An EMR Serverless StarRocks instance is created. For more information, see Create an instance.
Procedure
Step 1: Configure network settings
To ensure the network connectivity of the resource group that you want to use, you must add the IP address or CIDR block of the resource group to the internal IP address whitelist of the desired EMR Serverless StarRocks instance in advance.
For information about how to obtain the IP address or CIDR block of a resource group in DataWorks, see Configure an IP address whitelist.
The following figure shows the entry points for accessing IP address whitelists of an EMR Serverless StarRocks instance. For more information, see Configure network security settings.
Step 2: Create a StarRocks data source
Go to the Data Integration page.
Log on to the DataWorks console. In the top navigation bar, select the desired region.

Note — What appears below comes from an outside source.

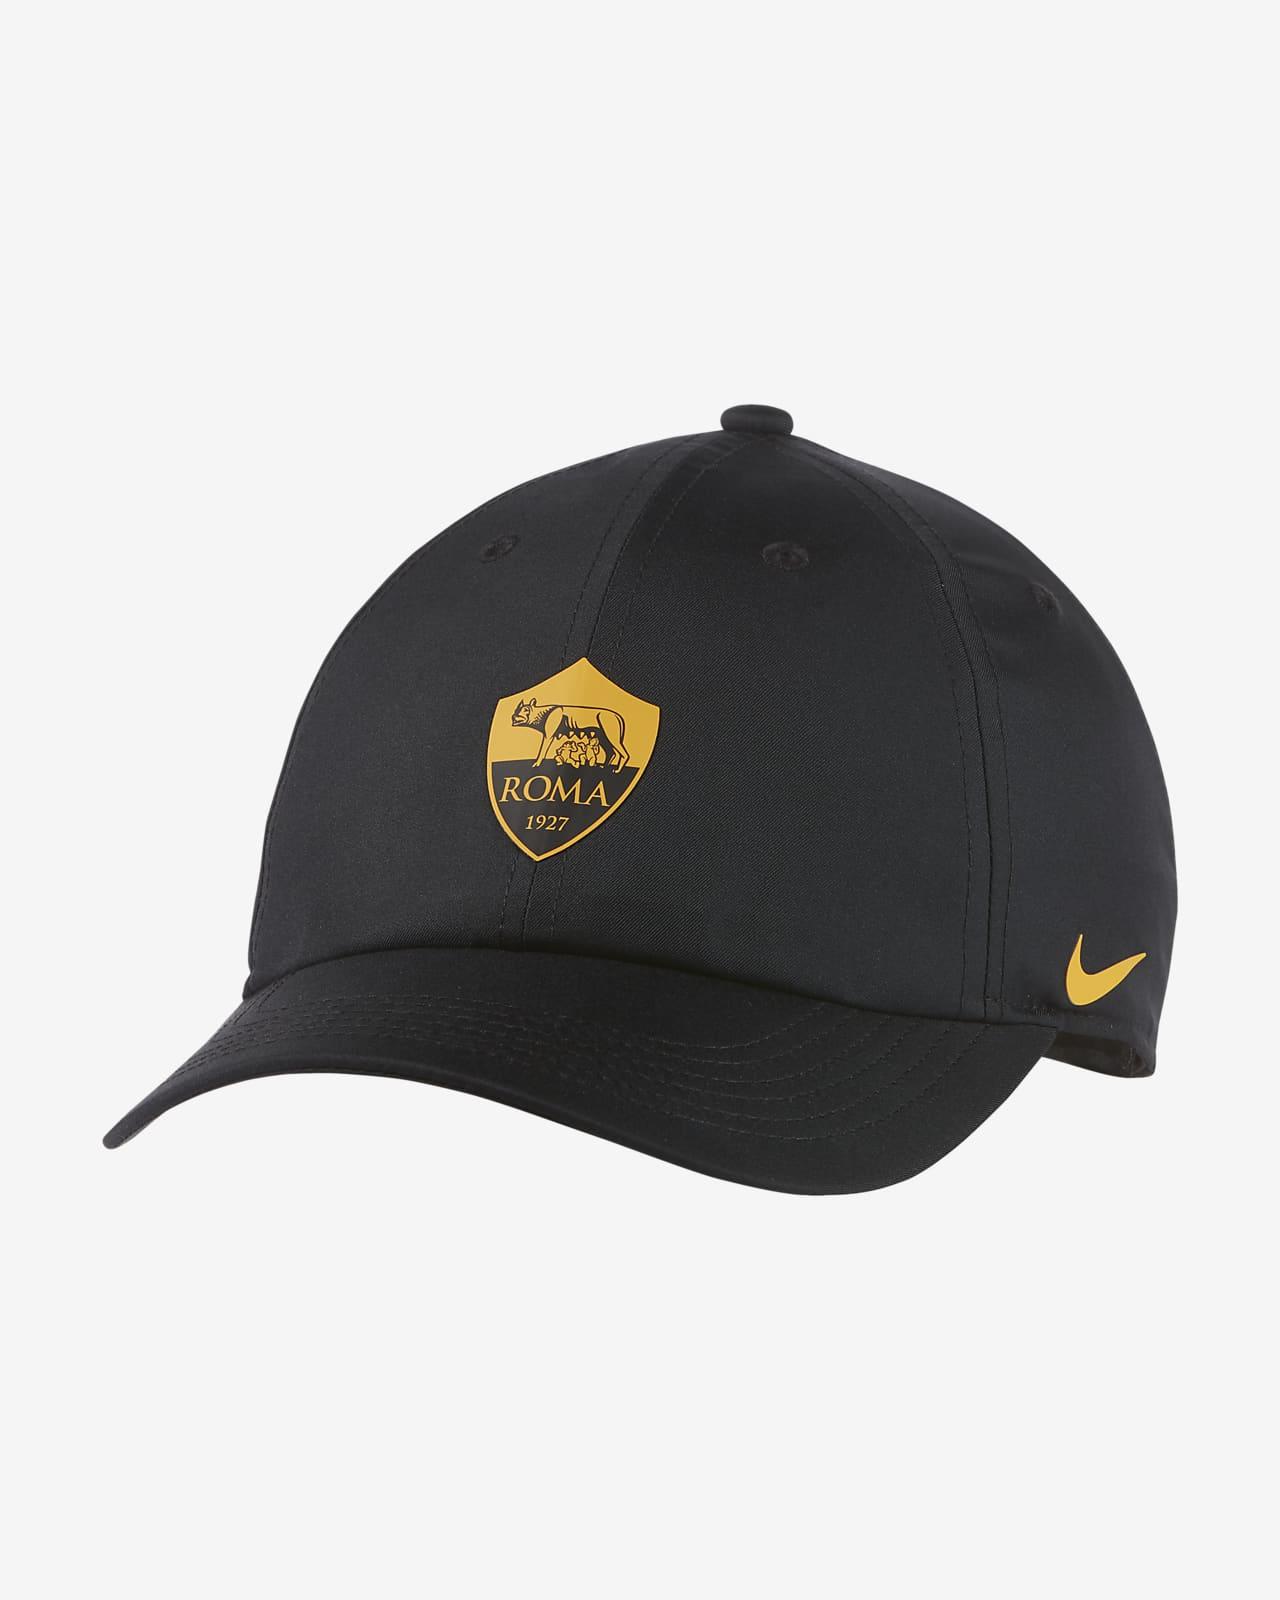 Cappello regolabile Nike Dri-FIT AS Roma Heritage86 - Bambini
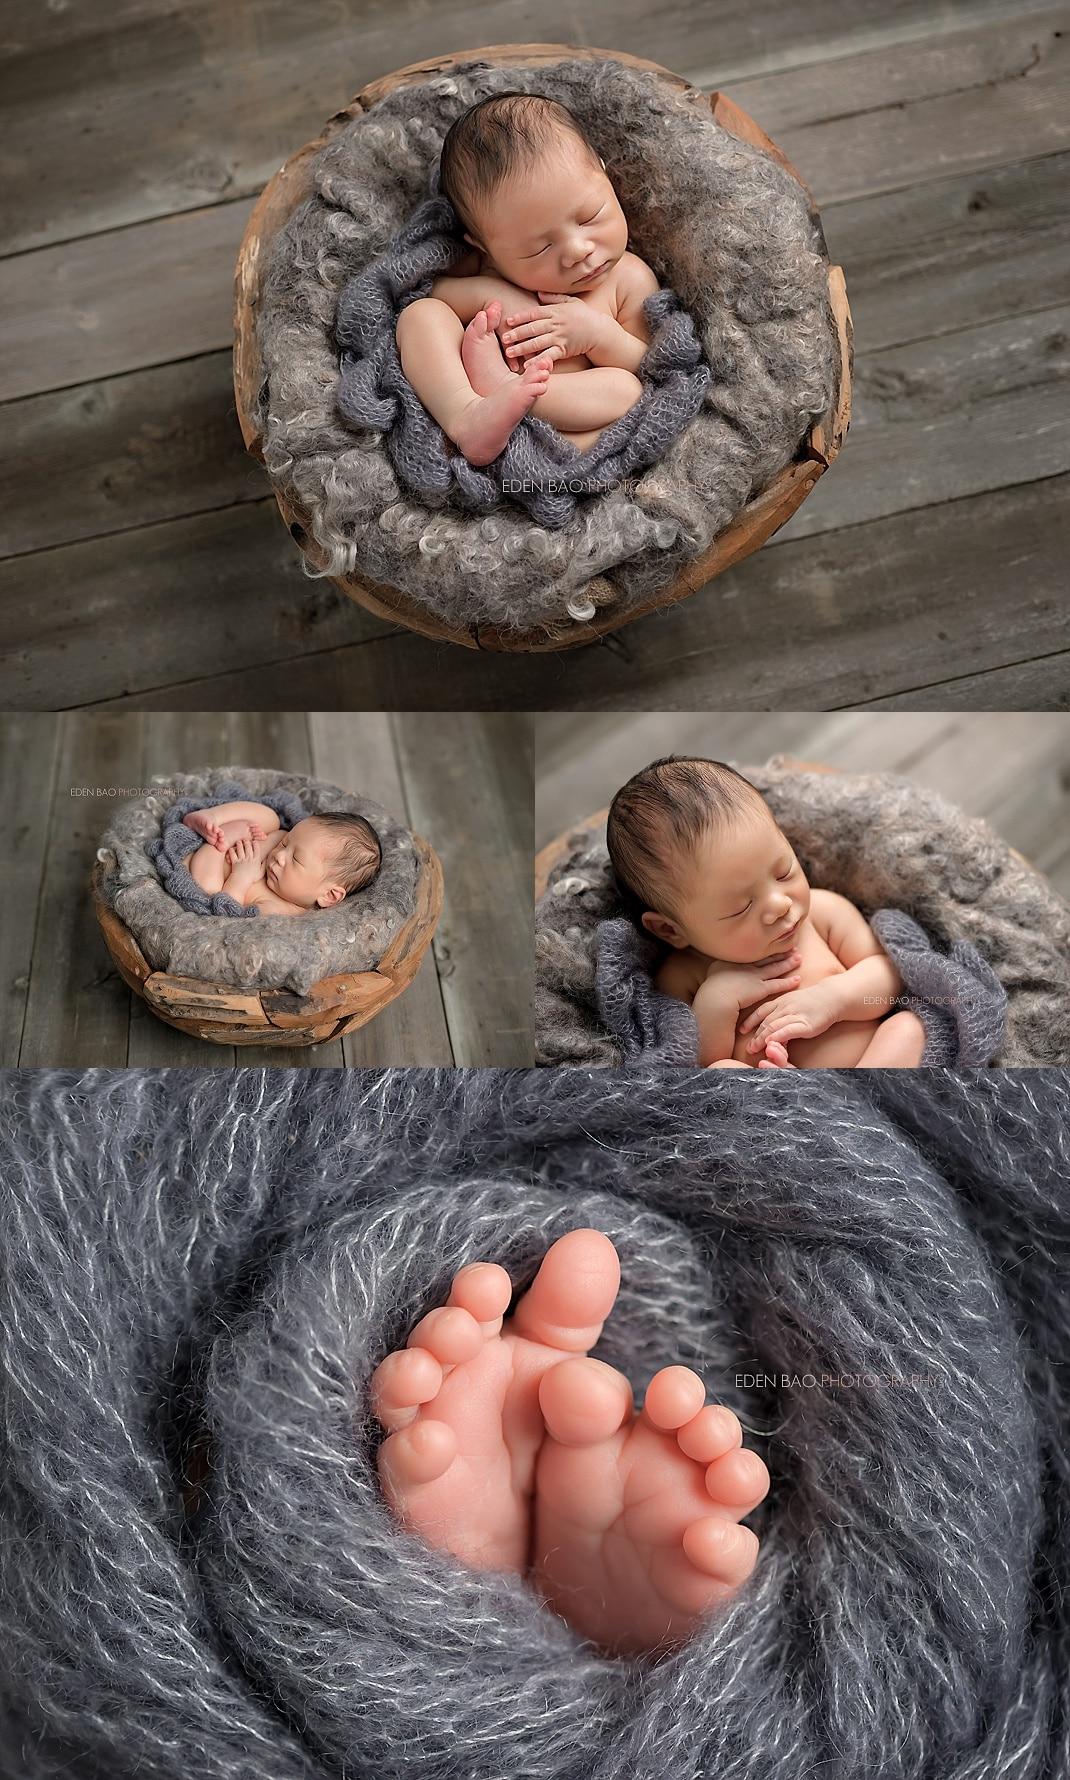 renton-newborn-photographer-baby-with-grey-blanket

In the left-side navigation pane, choose . On the page that appears, select the desired workspace from the drop-down list and click Go to Data Integration.
In the left-side navigation pane, click Data source to go to the Data Sources page.
On the Data Sources page, click Add Data Source.
In the Add Data Source dialog box, enter StarRocks in the search box and click StarRocks.
In the Add StarRocks Data Source dialog box, configure the required parameters described in the following table and use the default values for other parameters.
Parameter
Description
Data Source Name
Specify a name based on your business requirements. In this example, the name is StarRocks.
Configuration Mode
Select Alibaba Cloud Instance Mode.
If you want to connect to an EMR Serverless StarRocks instance over an internal network, make sure that the DataWorks resource group you use and the StarRocks instance are in the same VPC.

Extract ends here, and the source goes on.